STF rejeita possibilidade de "desaposentação"


O Supremo Tribunal Federal (STF) rejeitou, na tarde desta quarta-feira, por sete votos a quatro a possibilidade de desaposentação, quando o aposentado pede a revisão do seu benefício por ter voltado a trabalhar e a contribuir para a Previdência. O voto decisivo foi o do ministro Celso de Mello indicando que concordaria com os fundamentos expostos nos votos dos ministros Teori Zavascki, Edson Fachin, Luiz Fux e Gilmar Mendes, contra a desaposentação. Celso de Mello lembrou o equilíbrio do sistema previdenciário. O último voto foi o da presidente do STF, Carmem Lúcia, que também foi contra a tese de desaposentação.
A favor votaram Marco Aurélio Mello e Luís Roberto Barroso (ambos relatores das ações), além dos ministros Rosa Weber e Ricardo Lewandowski.
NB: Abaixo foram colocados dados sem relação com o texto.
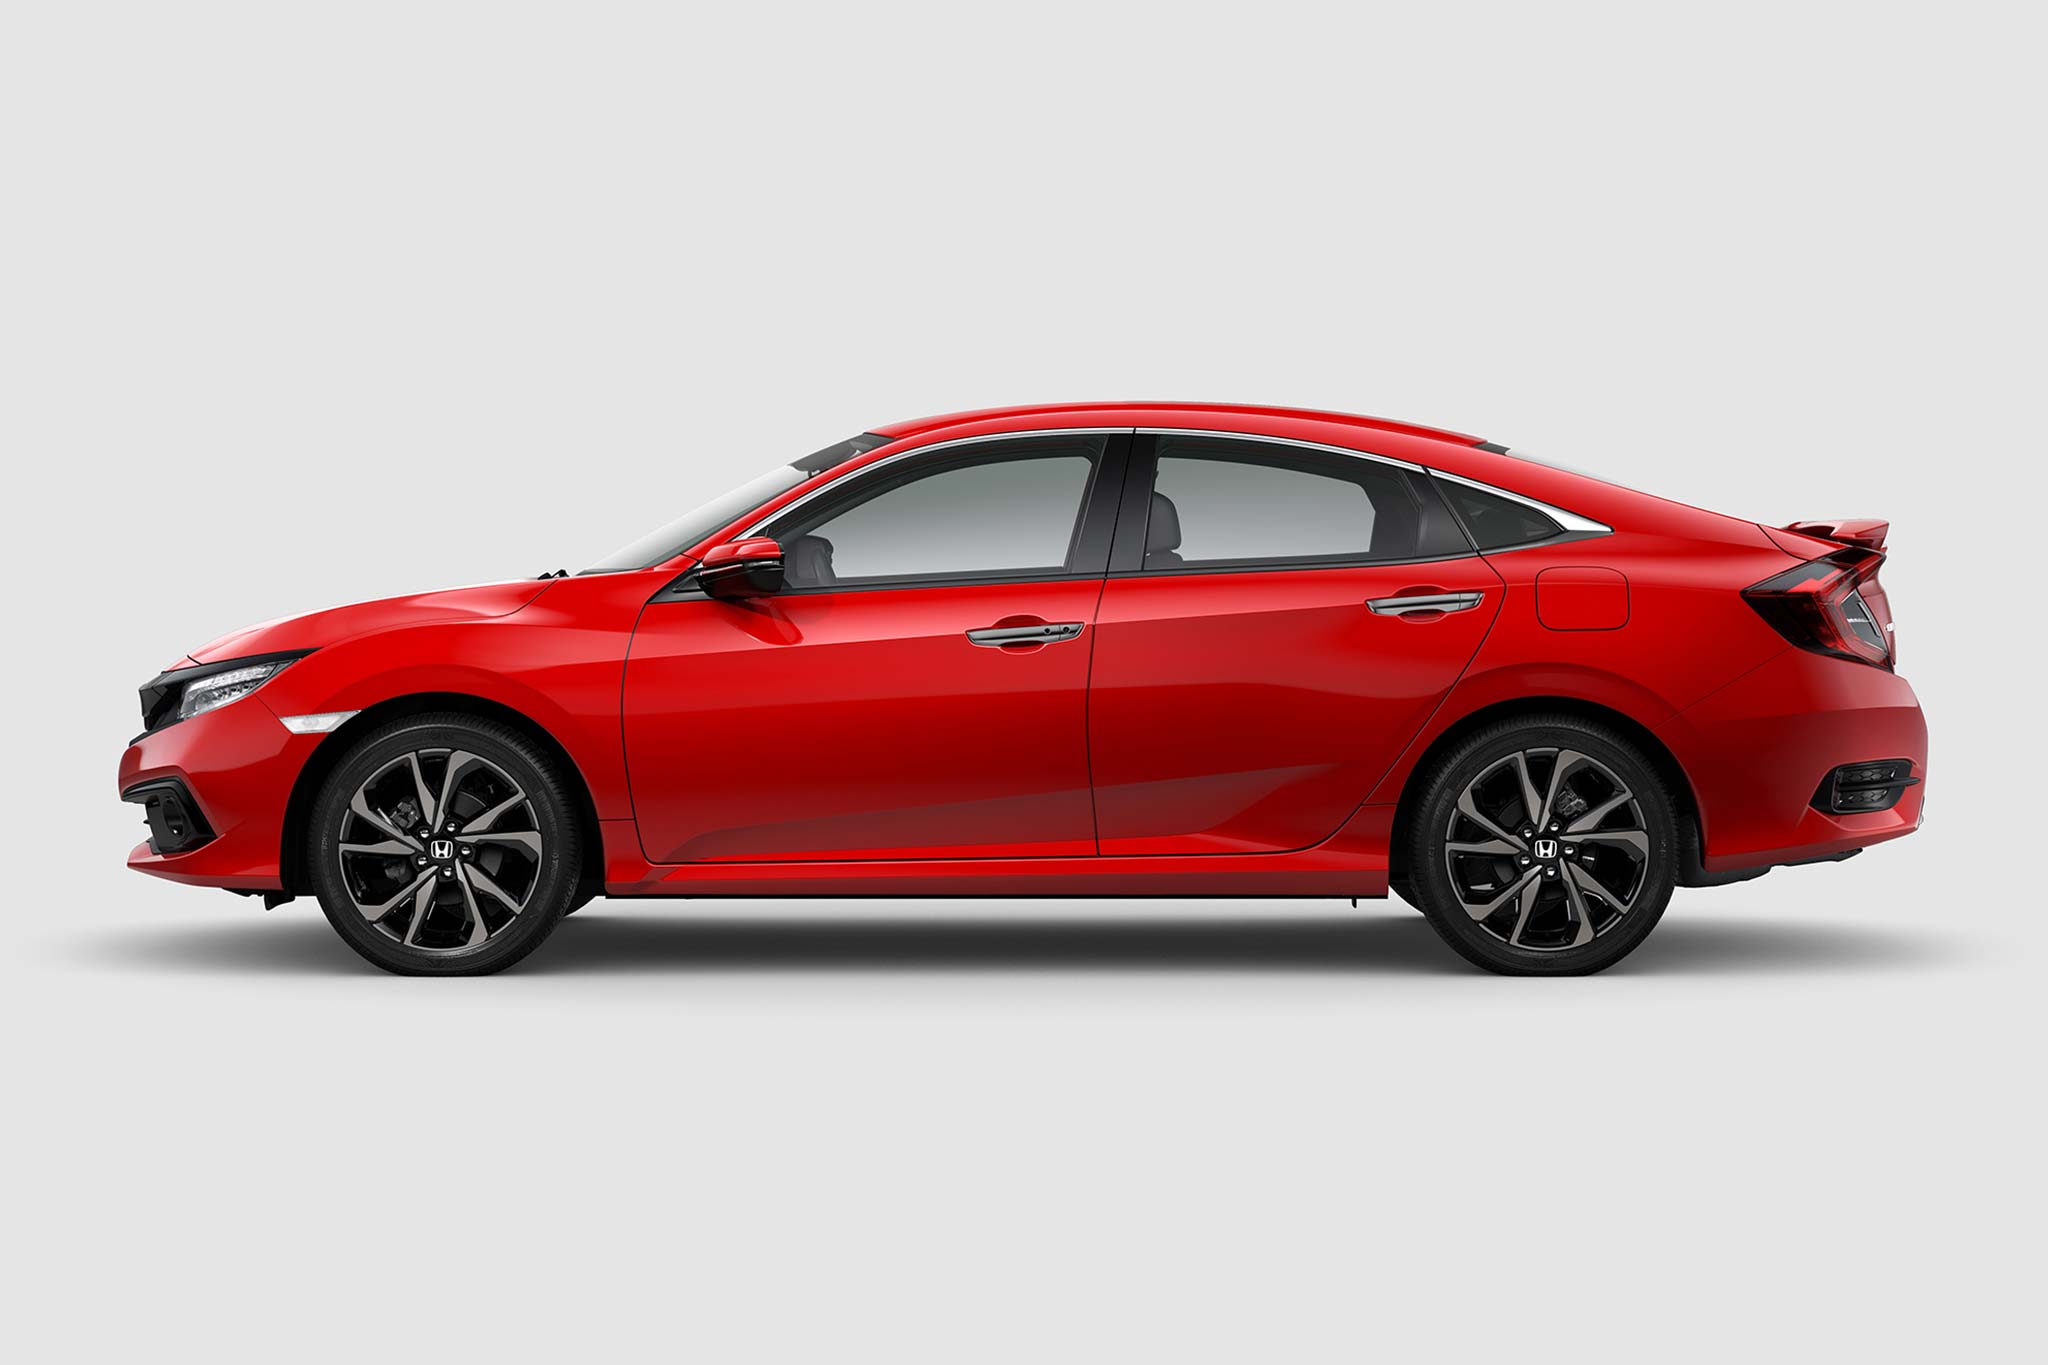 Mua Bán Xe Honda Civic 2019 Màu Đỏ Cũ Giá Rẻ Chính Chủ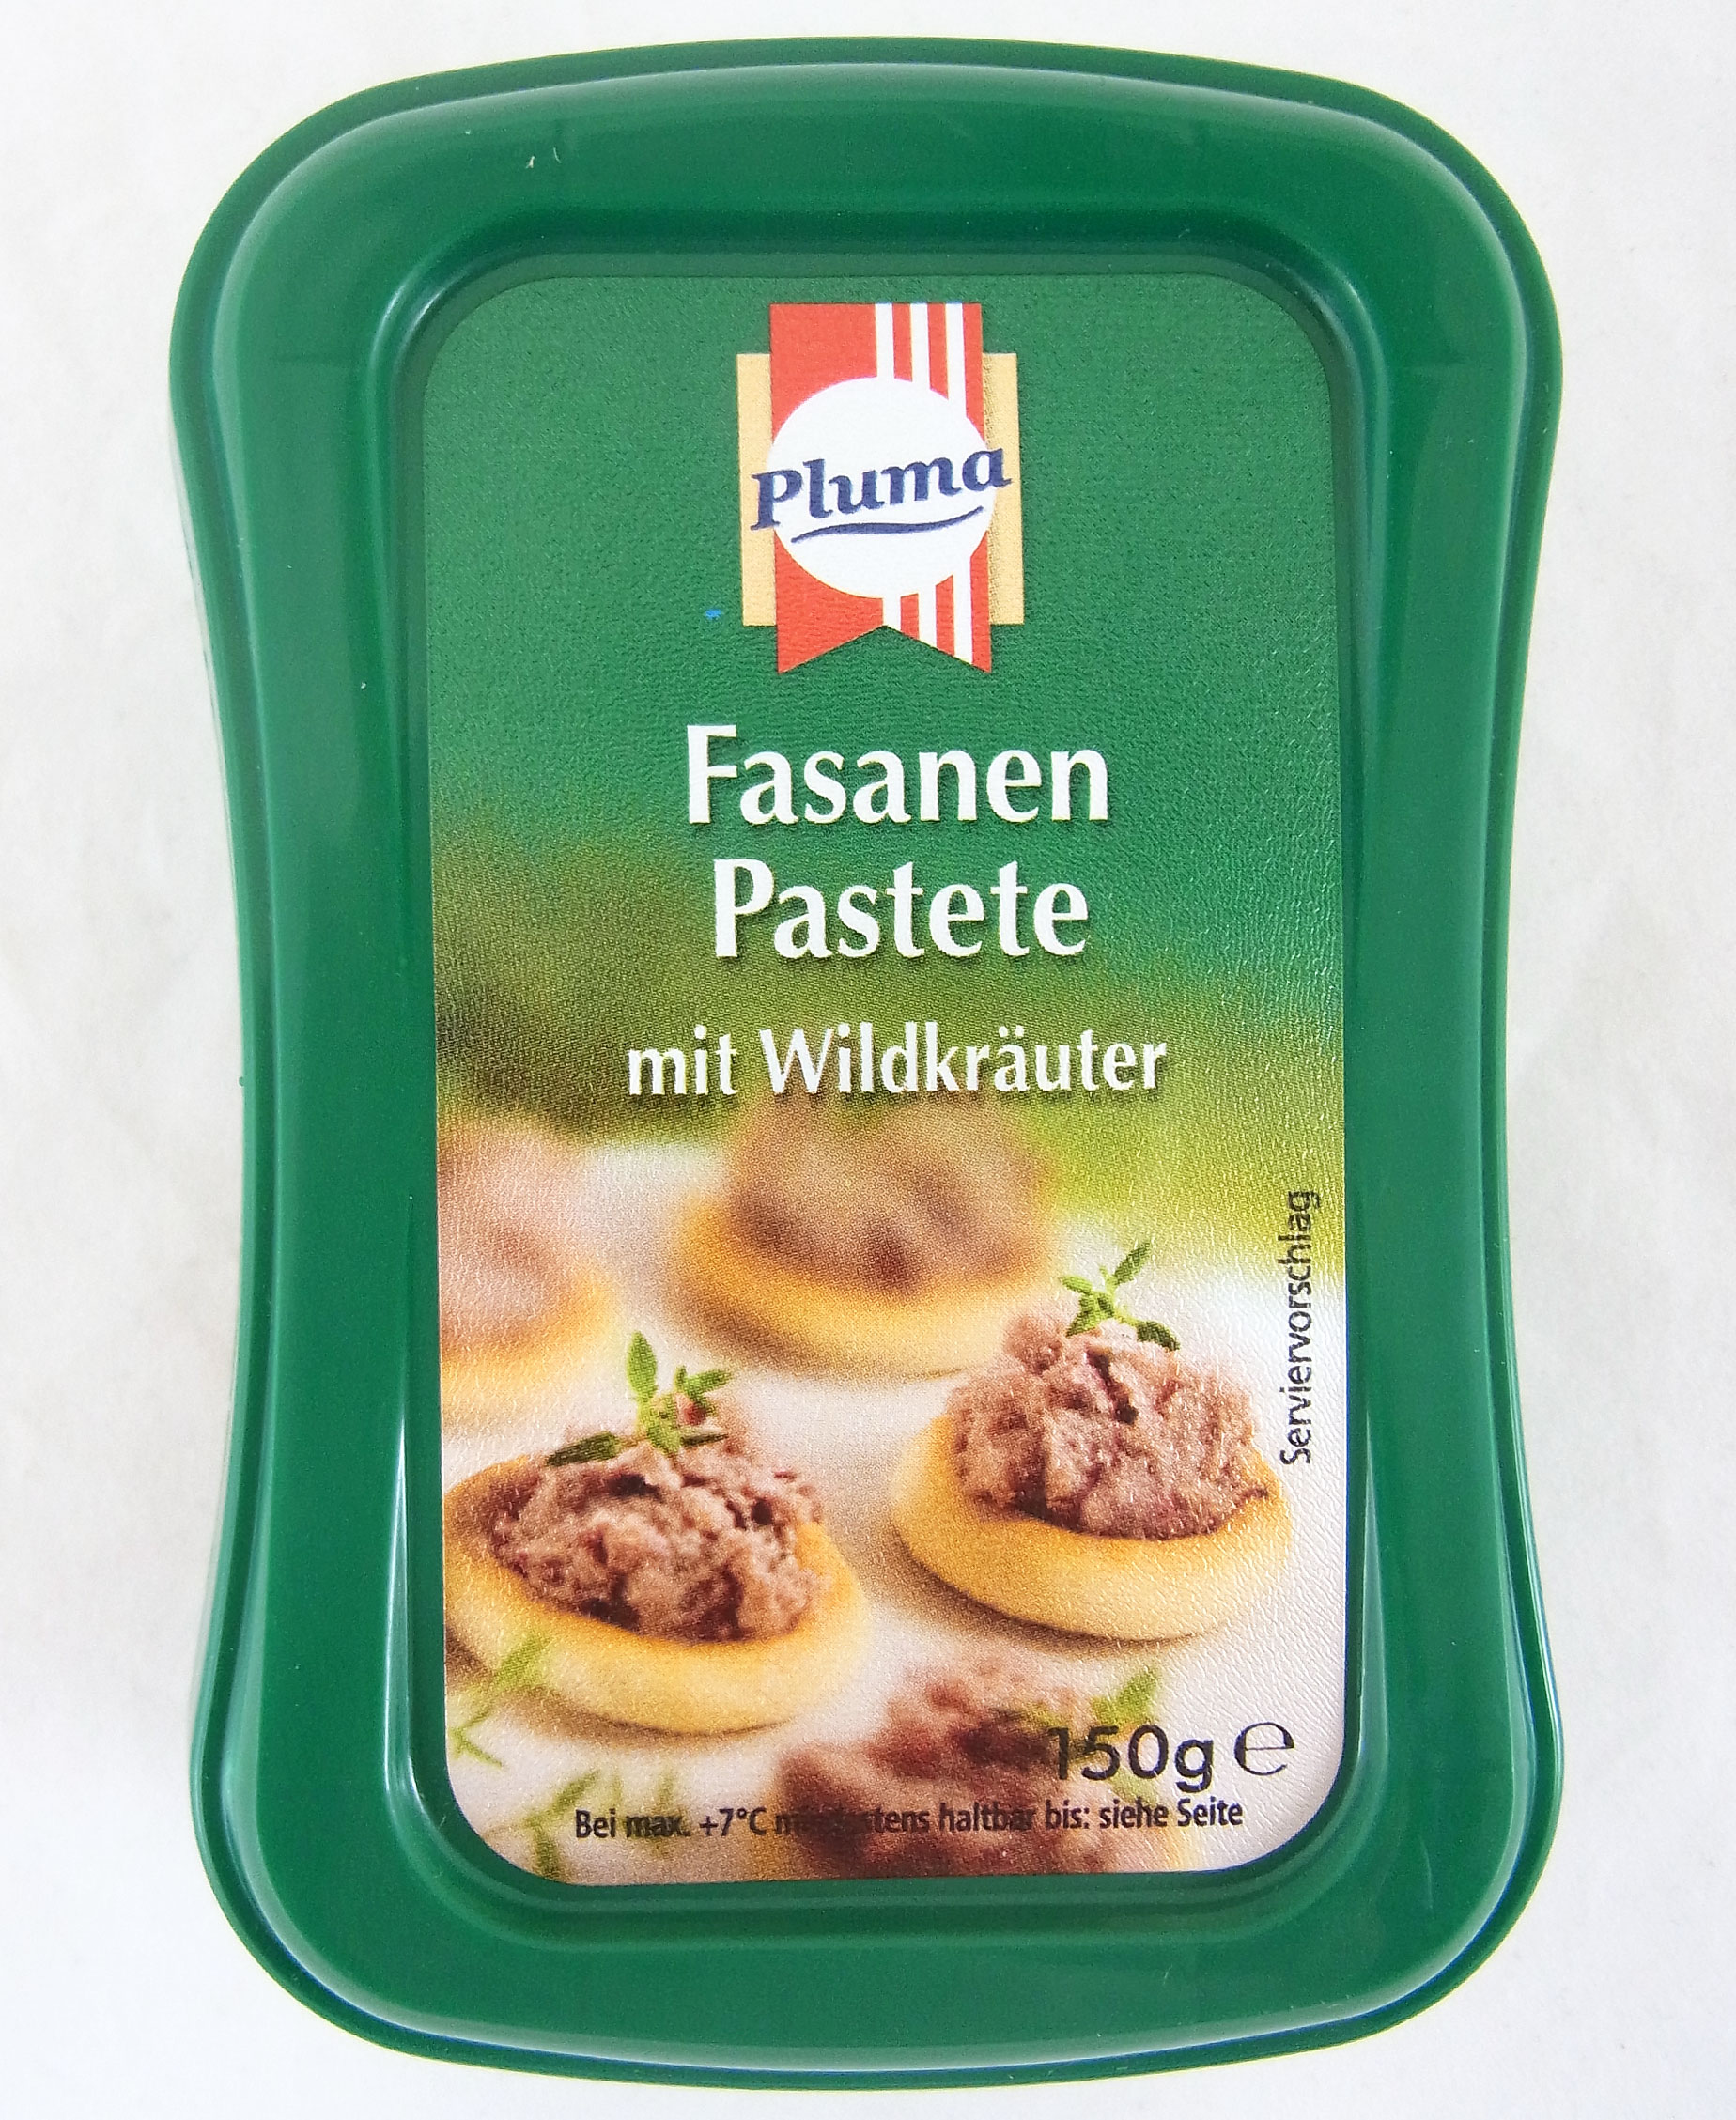 Pluma Fasanen Pastete mit Wildkräuter | Lebensmittelklarheit

A maioria dos ministros entendeu que o sistema previdenciário público no Brasil é baseado no princípio da solidariedade e não há previsão na lei para o acréscimo. Uma mudança do tipo, portanto, só poderia ser estabelecida pelo Congresso e não pelo Judiciário.
De acordo com a Advocacia-Geral da União (AGU), uma eventual decisão desfavorável à Previdência teria impacto de R$ 7,7 bilhões por ano nos cofres da Previdência.